Biogen Idec and Knopp Biosciences today announced enrollment of the first patient in EMPOWER, a multi-national Phase III study evaluating the efficacy, safety and pharmacokinetics of dexpramipexole in patients with amyotrophic lateral sclerosis (ALS).

“ALS is a serious disorder that affects patients in the prime of life and for which there is an urgent need for new and effective treatments," said Merit Cudkowicz, M.D., MSc, Director of the MDA ALS Clinic at Massachusetts General Hospital and Principal Investigator in the EMPOWER study. "In the past several years, there has been an explosion of research in ALS that has helped us better understand the disease and potentially paves the way for the discovery and development of new treatments for ALS.”

“This is exciting news for the ALS community,” said ALS Association Chief Scientist Lucie Bruijn, Ph.D.  “We have confidence in Biogen’s clinical trial processes and encourage candidates to enroll.”

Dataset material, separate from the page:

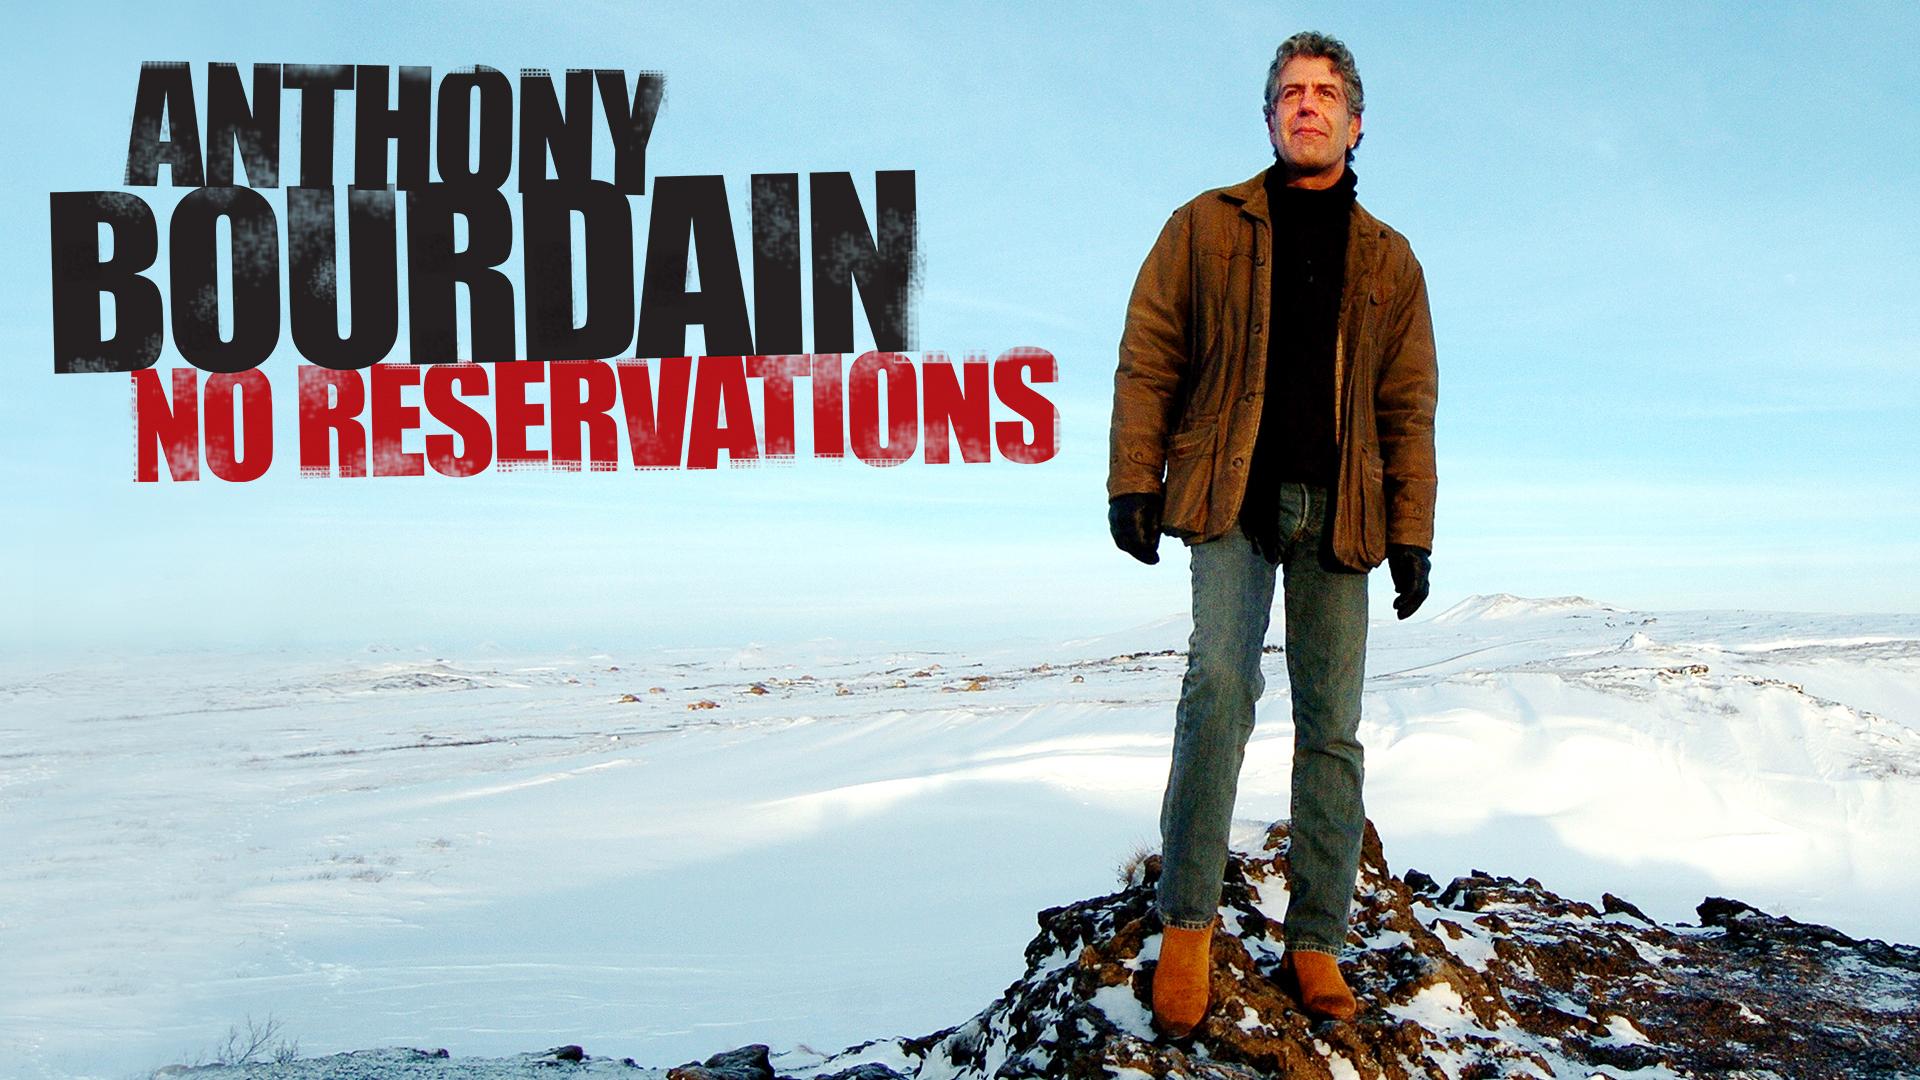 Anthony Bourdain: No Reservations - Season 1

EMPOWER is a Phase III, randomized, double-blind, placebo-controlled, parallel-group, multi-center study that will assess the safety and efficacy of dexpramipexole in people with familial or sporadic ALS. Approximately 804 patients will be randomized in a one-to-one ratio to receive either dexpramipexole 150 mg twice daily or placebo and will be followed for a period of at least 12 months. Investigators also have the option to maintain treatment with the current standard-of-care in ALS for all patients enrolled in the study. The primary objective will be assessed using a joint ranking of functional outcomes adjusted for mortality on the ALS Functional Rating Scale, Revised (ALSFRS-R), a validated rating instrument used by physicians for monitoring the progression of disability in patients with ALS.

“Biogen Idec is committed to working with the ALS community to find new treatment options for this deadly disease and to improve the lives of people with ALS,” said Alfred Sandrock, M.D., Ph.D., senior vice president of Development at Biogen Idec. “Based on promising data from earlier clinical trials, we believe that dexpramipexole has the potential to be a significant advance for people suffering from ALS, and we will fully explore its potential as a new treatment for this devastating disease.”

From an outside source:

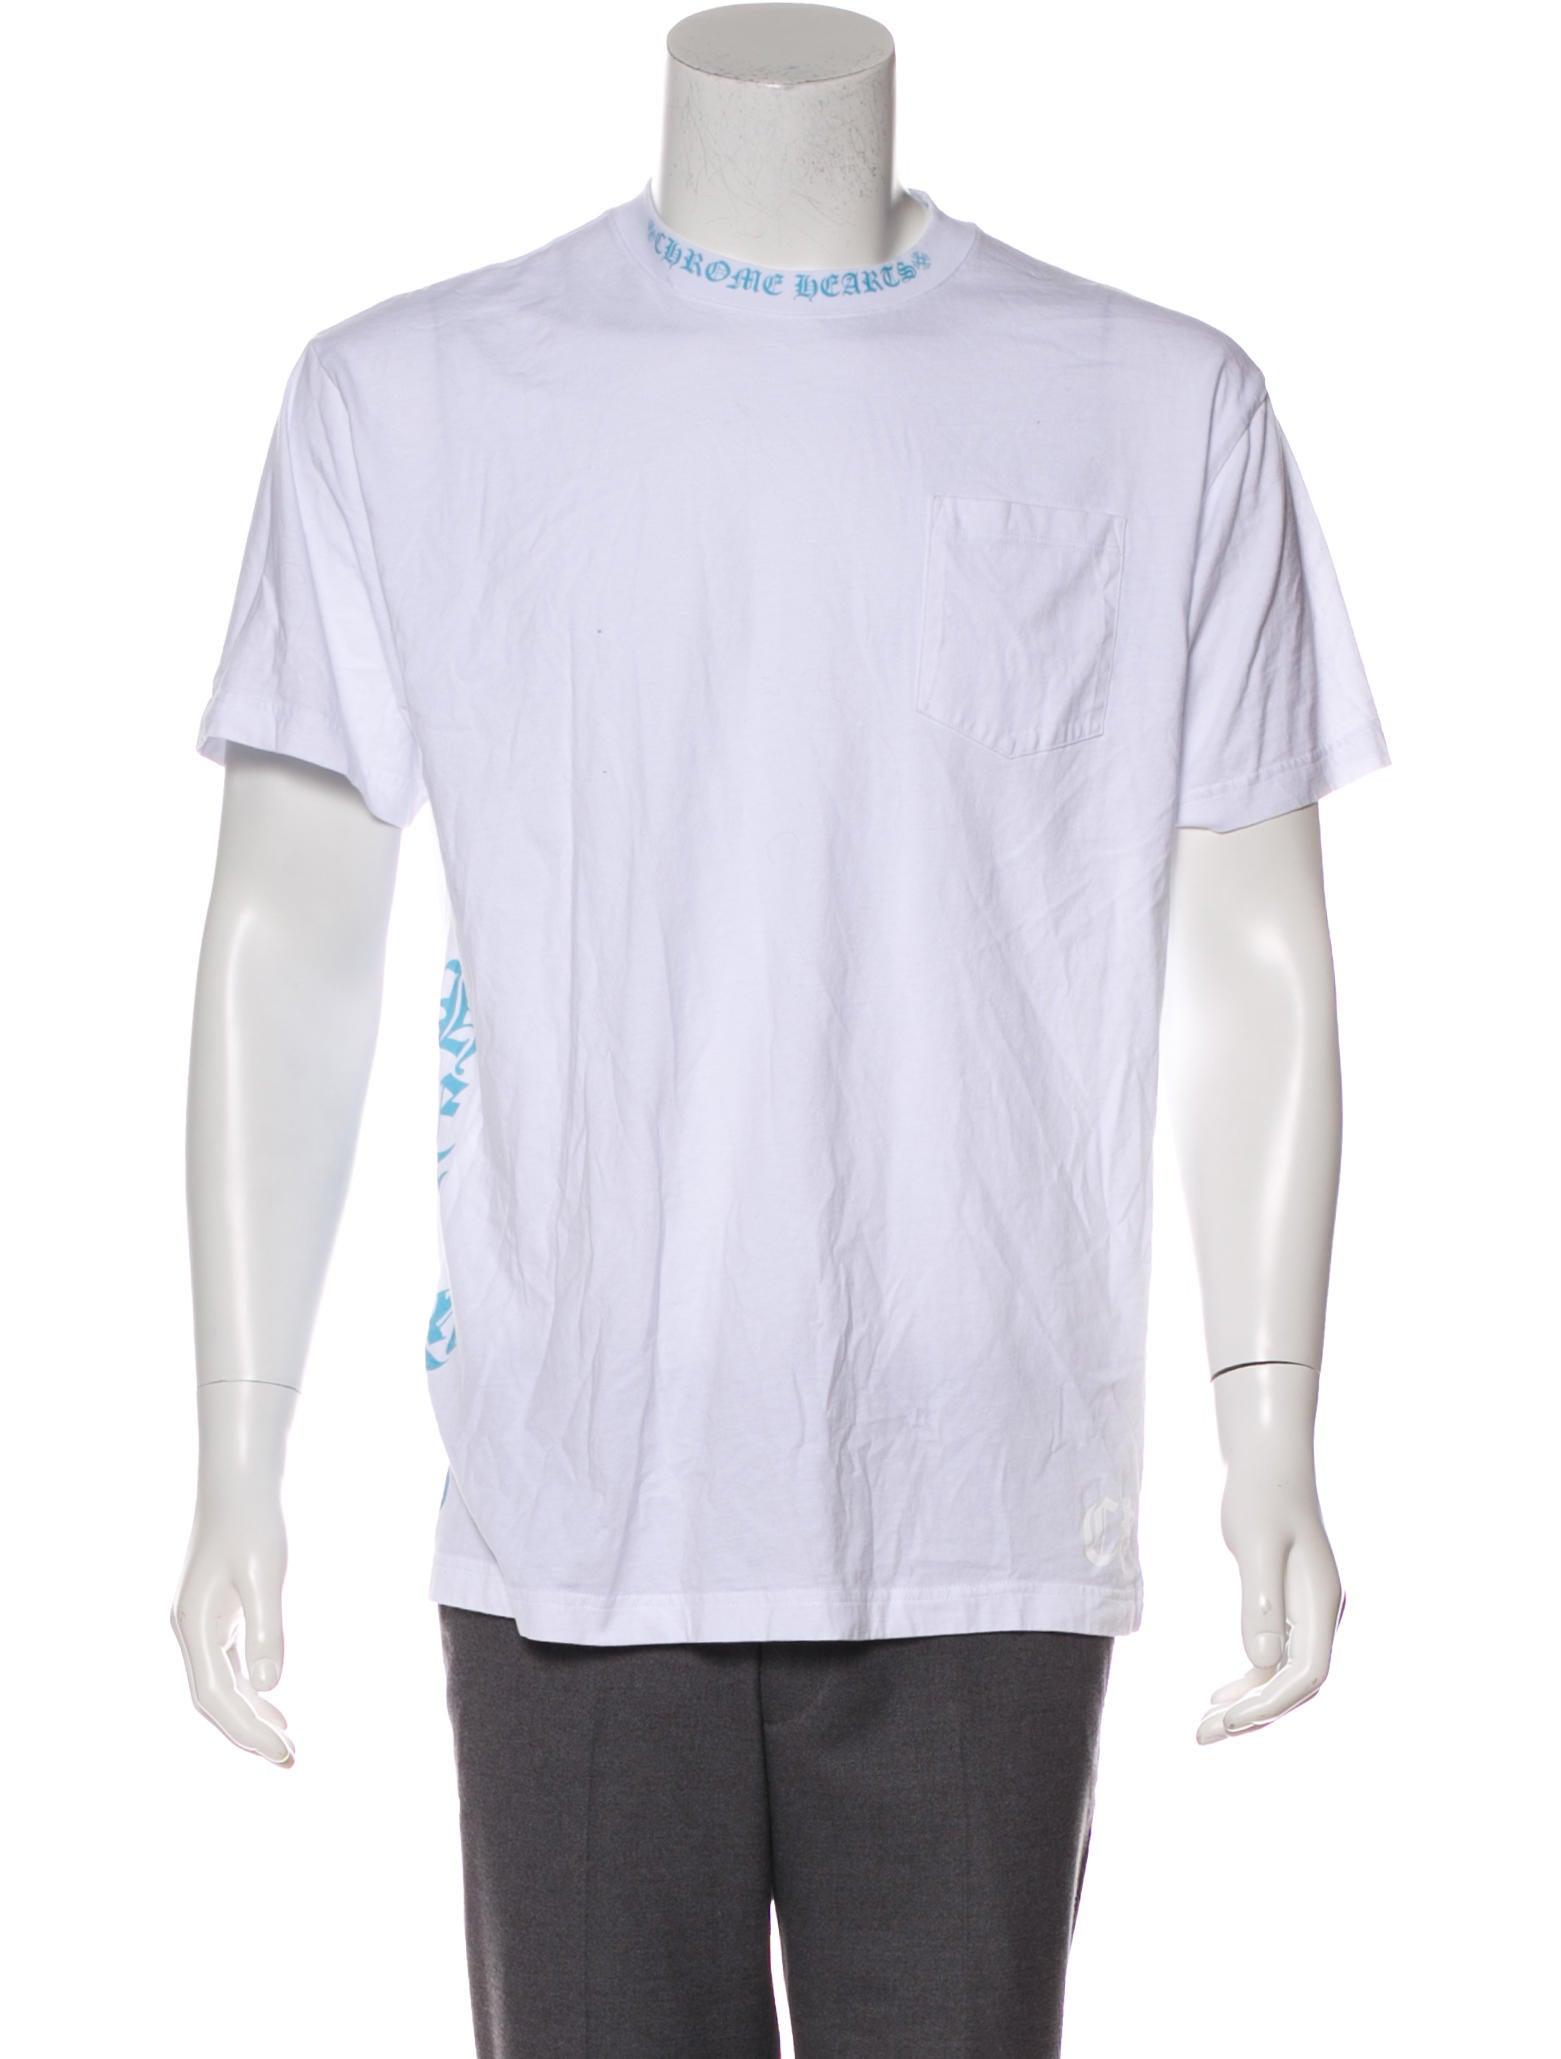 a3e6ee2b48e4 Chrome Hearts Logo Pocket T-Shirt - Clothing - CHH24448

“Knopp Biosciences is very pleased to see dexpramipexole entering Phase III development with the initiation of the EMPOWER study,” said Michael Bozik, M.D., president and CEO of Knopp. “The promise of dexpramipexole has brought together a motivated multi-national network of investigators and study coordinators committed to determining if dexpramipexole can fulfill its potential as a treatment for patients with ALS.”

Dexpramipexole was well-tolerated in three Phase I studies in healthy volunteers who received dexpramipexole in single doses up to 300 mg or multiple doses of  up to 150 mg twice daily for four-and-a-half days. Dexpramipexole was also well-tolerated in a two-part Phase II study (CL201) that evaluated about 100 ALS patients treated for up to nine months and in a subsequent Phase II extension study (CL211) that has continued to follow ALS patients for about two additional years. In the first part of CL201, dexpramipexole at 150 mg twice daily showed a trend toward slowing functional decline over a 12-week period compared to placebo. Following re-randomization in the second part of CL201, dexpramipexole at 150 mg twice daily again showed a trend toward slowing functional decline and also showed a trend toward improving survival compared to low dose over a six-month period. In CL201, the joint ranking, which incorporates both function and survival and which is the primary endpoint of the Phase III trial, significantly favored dexpramipexole 150 mg twice daily compared to 25 mg twice daily.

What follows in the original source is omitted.